Anthropic unveiled its new AI models, Claude Sonnet 4 and Claude Opus 4. The launch comes at a time when the company needed a strong response to maintain its position against rivals like Google Gemini.
Claude Opus 4 claims the title of “world’s best coding model”, while Claude Sonnet 4 offers significant improvements over its predecessor. Both models introduce extended thinking capabilities and enhanced tool usage.
However, one question remains: are these improvements substantial enough to stop the loss of users and be a favourite for developers again?
Early feedback from major tech companies and several reports suggests that Claude 4 might have found the right formula for a comeback.
Building Rapport in AI Coding
Claude Opus 4’s performance on coding benchmarks appears impressive on paper. It achieved 72.5% on SWE-bench and 43.2% on Terminal-bench.
Claude Sonnet 4 significantly improves on Sonnet 3.7’s industry-leading capabilities, excelling in coding with a state-of-the-art 72.7% on SWE-bench. Claude Sonnet 4 improves upon Sonnet 3.7’s capabilities in coding tasks.

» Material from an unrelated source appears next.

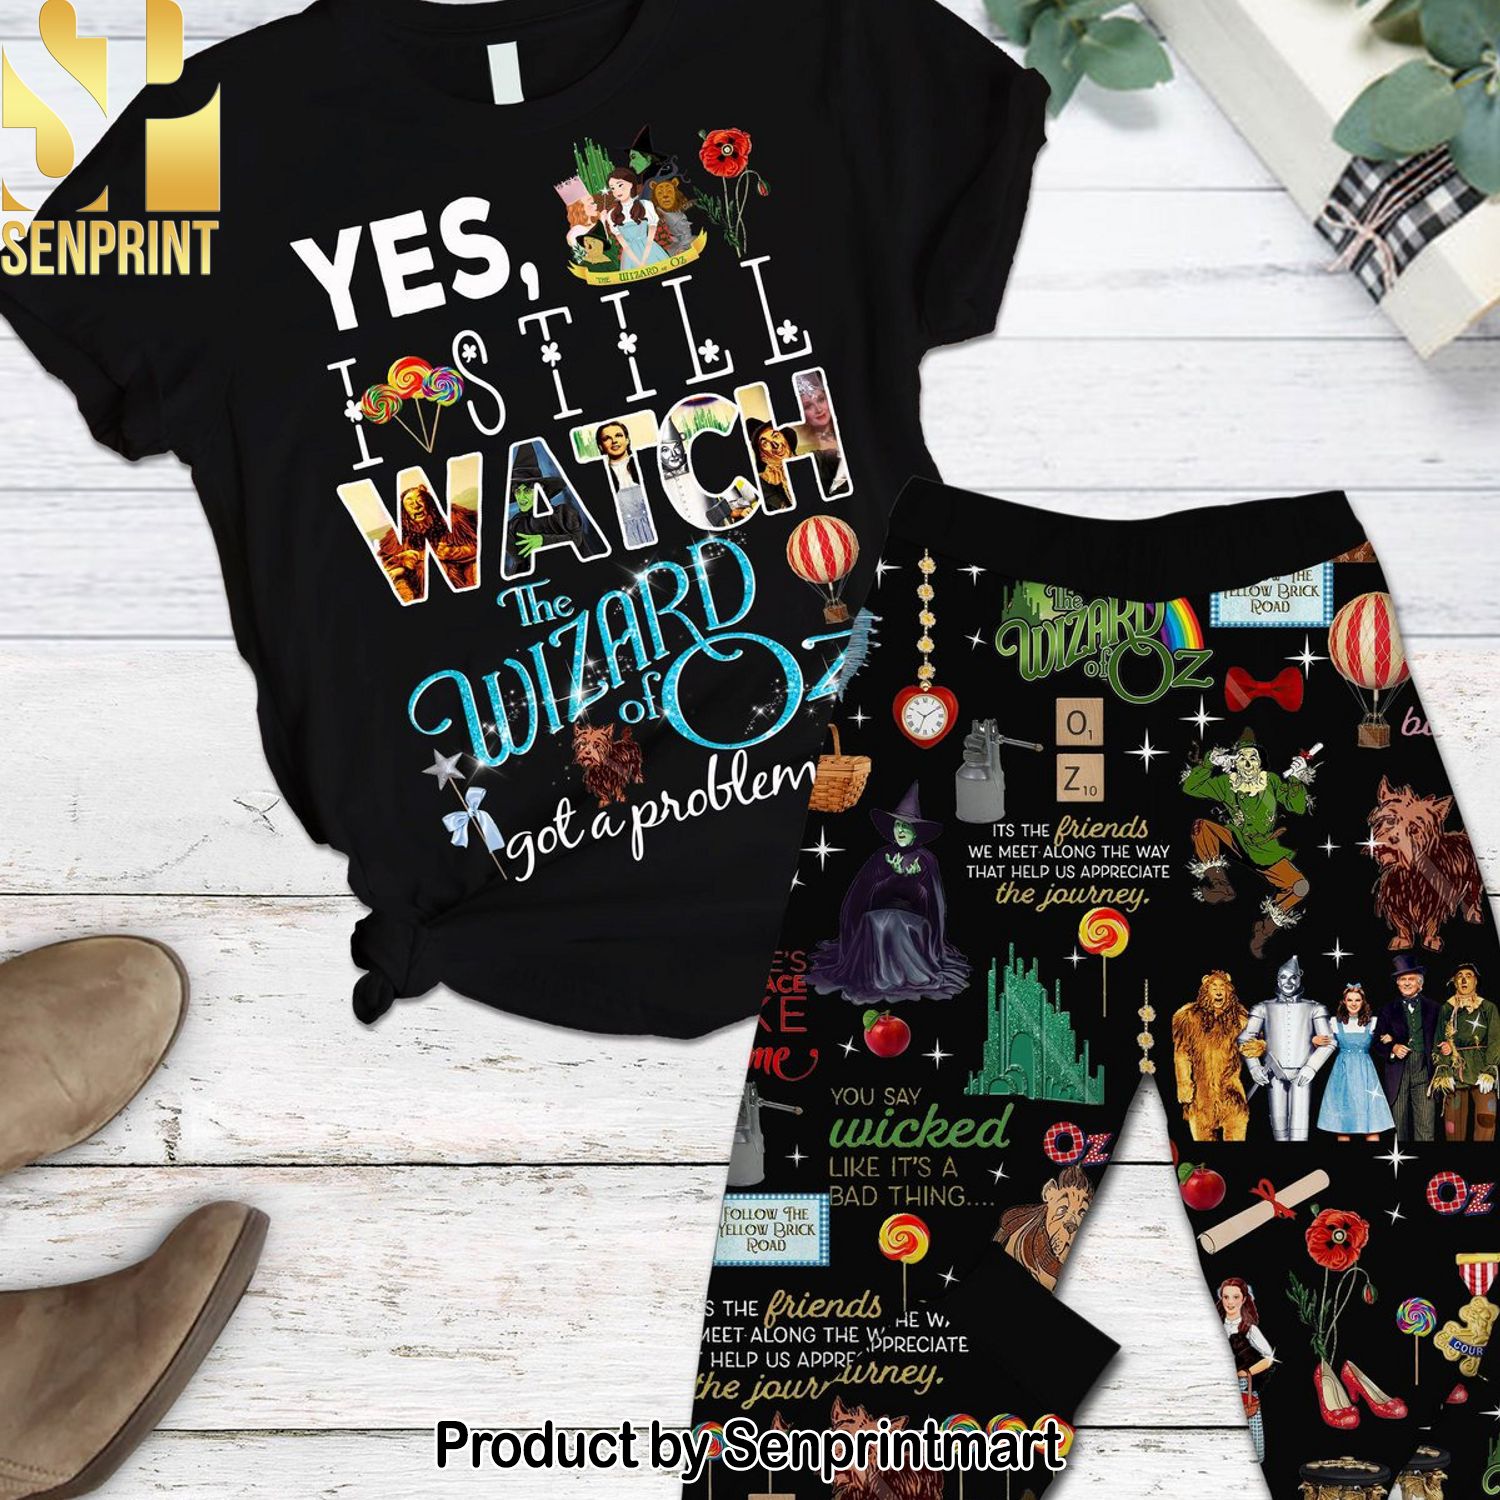 Oz the Great and Powerful Casual All Over Printed Pajama Sets

This improvement is demonstrated by a leading score of 72.7% on the SWE-bench benchmark.

While Claude Sonnet 4 does not match Opus 4 in most domains, it delivers what Anthropic calls “an optimal mix of capability and practicality”.

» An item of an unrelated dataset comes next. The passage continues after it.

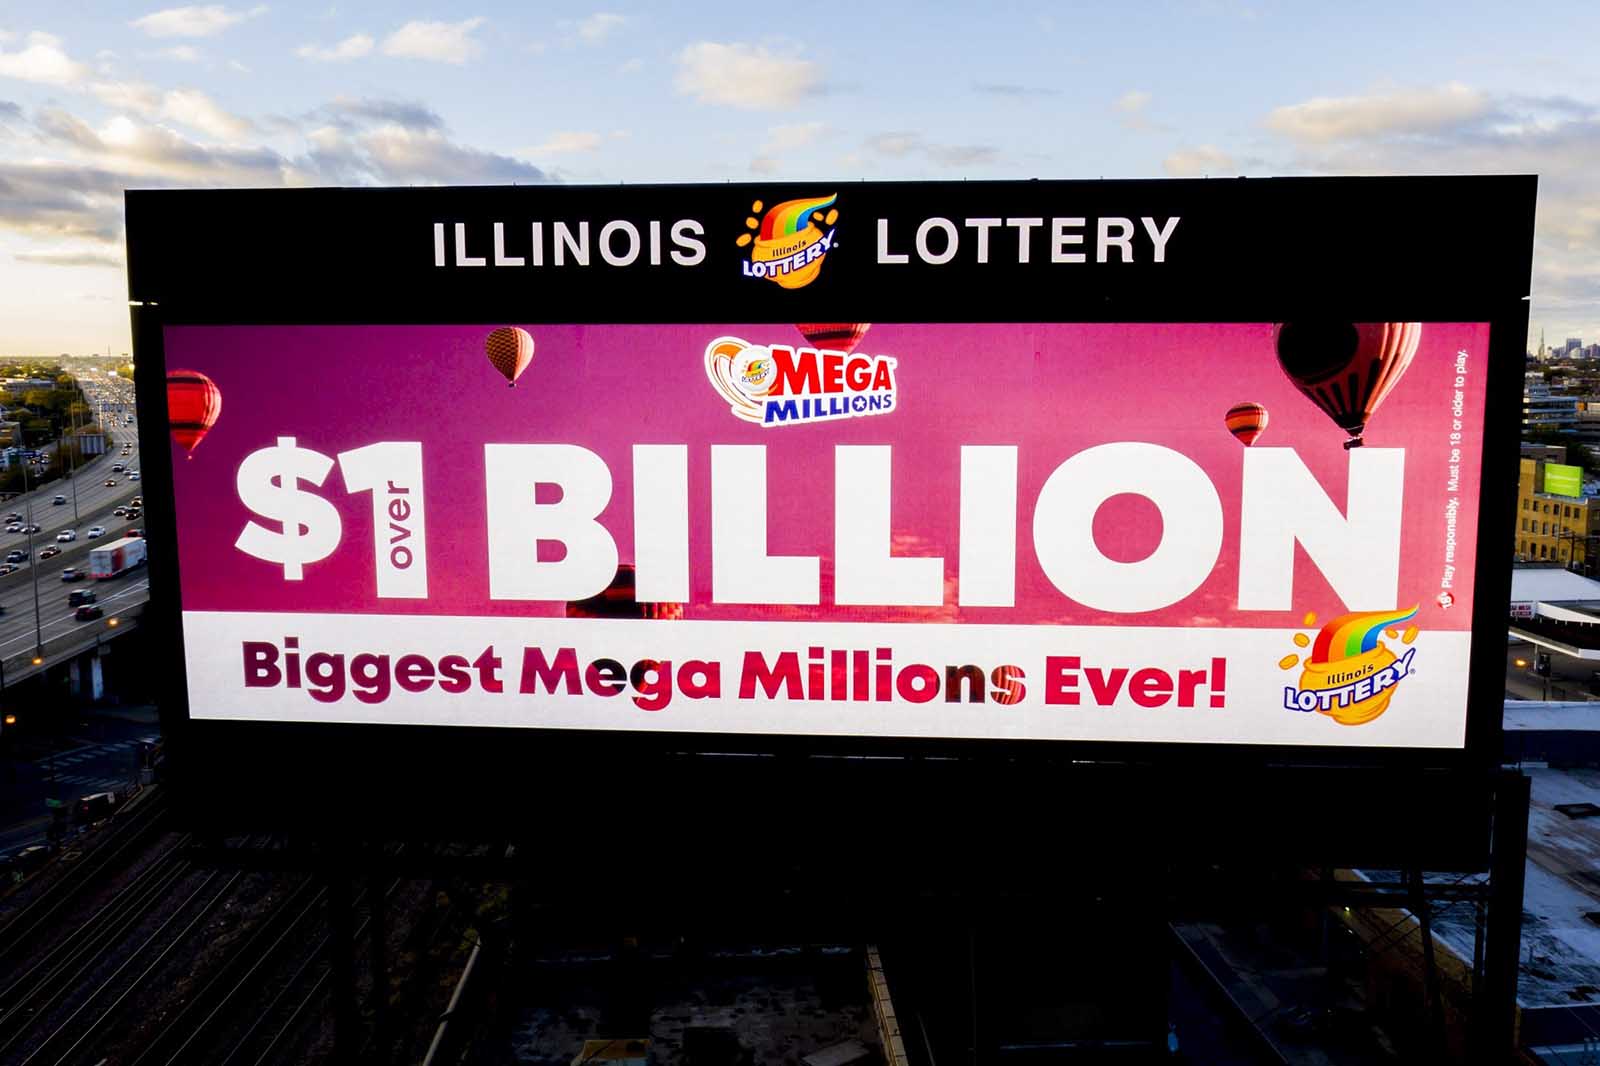 In case you thought most US lottery games were fake, here's some of the real winners of the biggest jackpots in US lottery history.

These scores position it ahead of competing models in software engineering tasks.
According to Anthropic, the Opus 4 model can work continuously for several hours, maintaining focus through thousands of steps. This capability addresses a standard limitation in current AI models that struggle with extended workflows.
The announcement blog post highlighted, “Rakuten validated its capabilities with a demanding open-source refactor running independently for 7 hours with sustained performance.”
Aman Sanger, co-founder of Cursor, mentioned on X, “Claude Sonnet 4 is much better at codebase understanding. Paired with recent improvements in Cursor, it’s SOTA on large codebases.”
While he did not share any comparison with other AI models, it is a noteworthy acknowledgement that would make developers try Claude again.
Companies like Replit and Block, the company behind Square, have also shared the same sentiment in their respective use cases while using Claude’s new AI models.
Mario Rodriguez, chief product officer at GitHub, mentioned in the Code with Claude opening keynote that they are using Claude Sonnet 4 as the base model for their new coding agent in GitHub Copilot.
He explained that Claude Sonnet was chosen for its strengths in deep software engineering, coding knowledge, problem-solving skills, and strong instruction following capabilities.
Claude Code Becomes Generally Available
Anthropic’s API now offers four new features for developers to create more robust AI agents—a code execution tool, an MCP connector, a Files API, and prompt caching for up to one hour.
Anthropic has also made Claude Code generally available. The tool now works with GitHub Actions to respond to pull requests and modify code.
The company also announced Claude Code integrations with VS Code and JetBrains in the form of extensions (in beta), with inline editing support.

The pricing structure remains consistent with previous models. While the pricing for Opus 4 is set at $15 per million input tokens and $75 per million output tokens, Sonnet 4 is priced at $3 for input and $15 for output per million tokens.
Beyond Coding
The Claude 4 models introduce several technical improvements that extend beyond coding assistance. In their launch video, Claude can be seen going across multiple services like Asana, and Google Docs to help users prioritise daily tasks, apart from being good at writing.
In a post on X, Dan Shipper, CEO at Every, highlighted, “Claude 4 Opus can do something no other AI model I’ve used can. It can actually judge whether the writing is good.”
Shipper wrote a blog post sharing his experience with Claude 4, from coding to writing to researching. “My verdict: Anthropic cooked with this one. In fact, it does some things that no model I’ve ever tried has been able to do, including OpenAI’s o3 and Google’s Gemini 2.5 Pro,” he stated.
Memory capabilities represent another significant advancement, particularly for Opus 4. When given access to local files, the model can create and maintain memory files to store key information. This feature enables better long-term task awareness and coherence in agent applications.
Anthropic demonstrated this capability by showing Opus 4 creating a ‘Navigation Guide’ while playing Pokémon, illustrating how the model can maintain context and build knowledge over time. This memory function could prove valuable for complex, multi-session projects that require continuity.
The models also show 65% less likelihood to use shortcuts or loopholes compared to Sonnet 3.7.
Both models can now use multiple tools simultaneously rather than sequentially. This capability could significantly speed up complex workflows that require multiple data sources or tools.
With Claude 4, Anthropic seems to be back in the game, if not the winner for every real-use case.